*** INPUT DATA

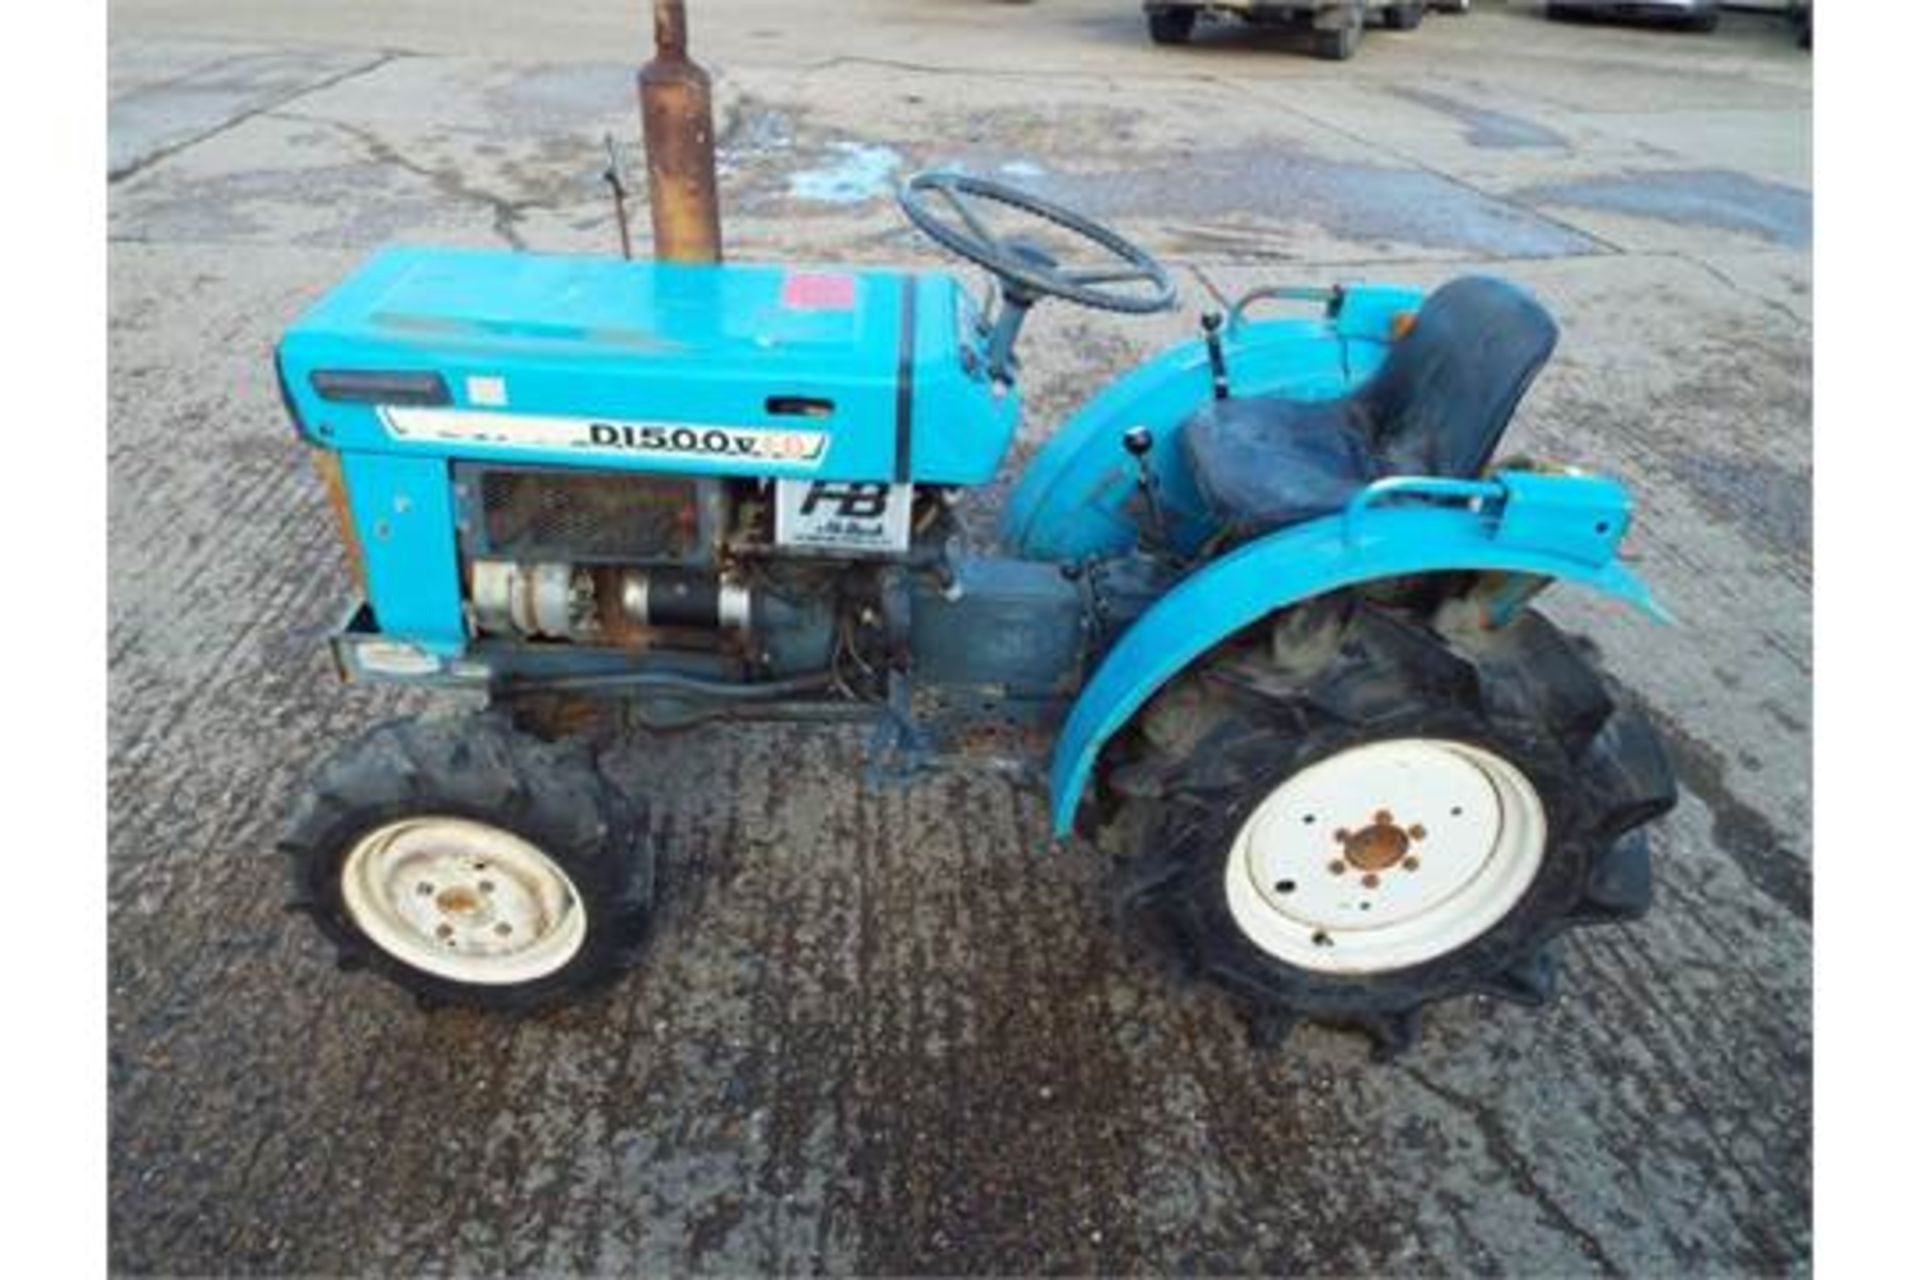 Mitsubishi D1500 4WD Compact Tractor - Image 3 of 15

******
*** INPUT DATA

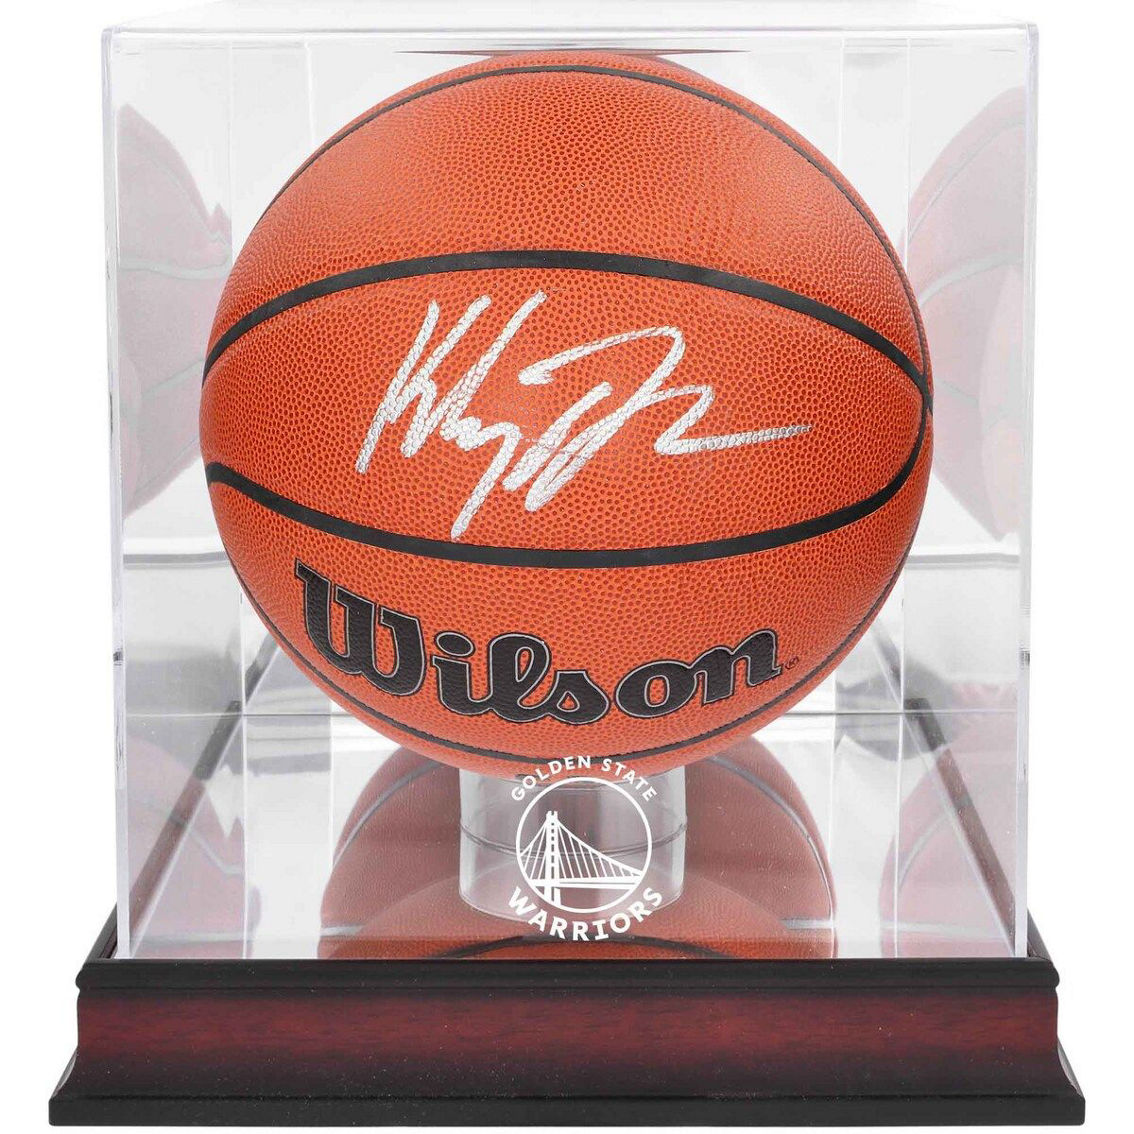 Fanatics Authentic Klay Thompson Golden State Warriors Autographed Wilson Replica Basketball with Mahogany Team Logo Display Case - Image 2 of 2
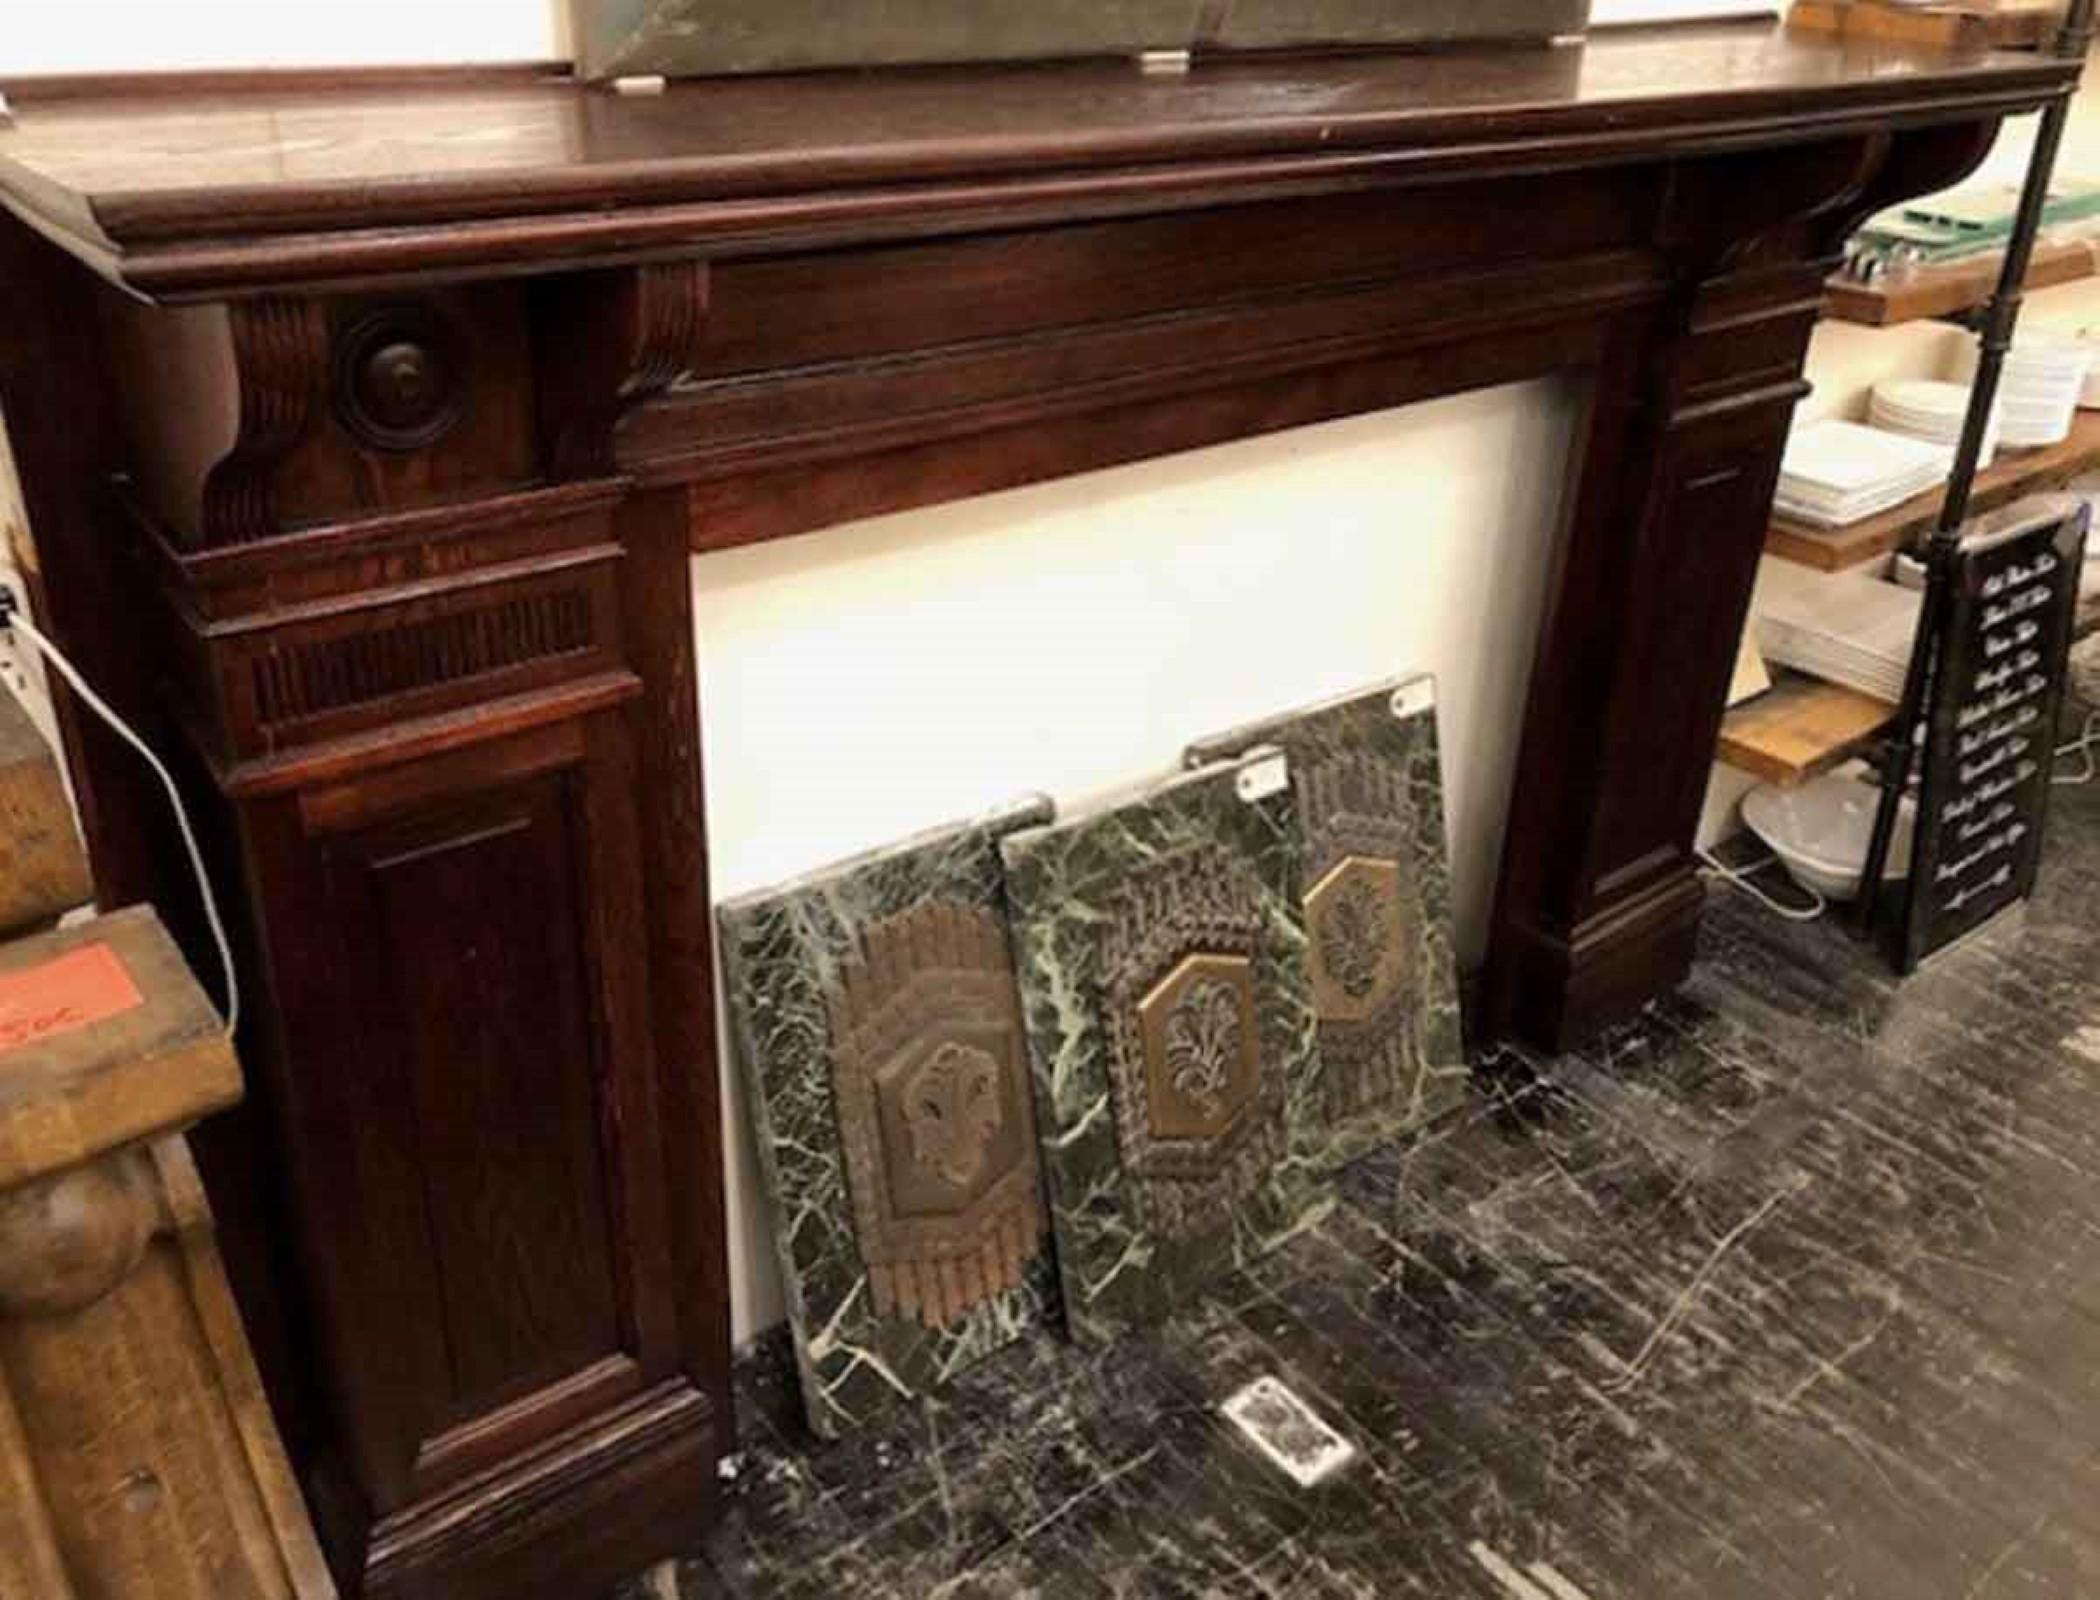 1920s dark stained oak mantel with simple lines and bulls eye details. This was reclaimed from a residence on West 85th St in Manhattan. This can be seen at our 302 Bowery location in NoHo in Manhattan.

******

ABOUT THIS EXERCISE: Everything above from the line containing "Fanatics Authentic Klay" down to the line containing "1920s dark stained" is to be duplicated exactly, both lines included, and the pictures are to be omitted.

RESPONSE AREA:
 Fanatics Authentic Klay Thompson Golden State Warriors Autographed Wilson Replica Basketball with Mahogany Team Logo Display Case - Image 2 of 2
 1920s dark stained oak mantel with simple lines and bulls eye details. This was reclaimed from a residence on West 85th St in Manhattan. This can be seen at our 302 Bowery location in NoHo in Manhattan.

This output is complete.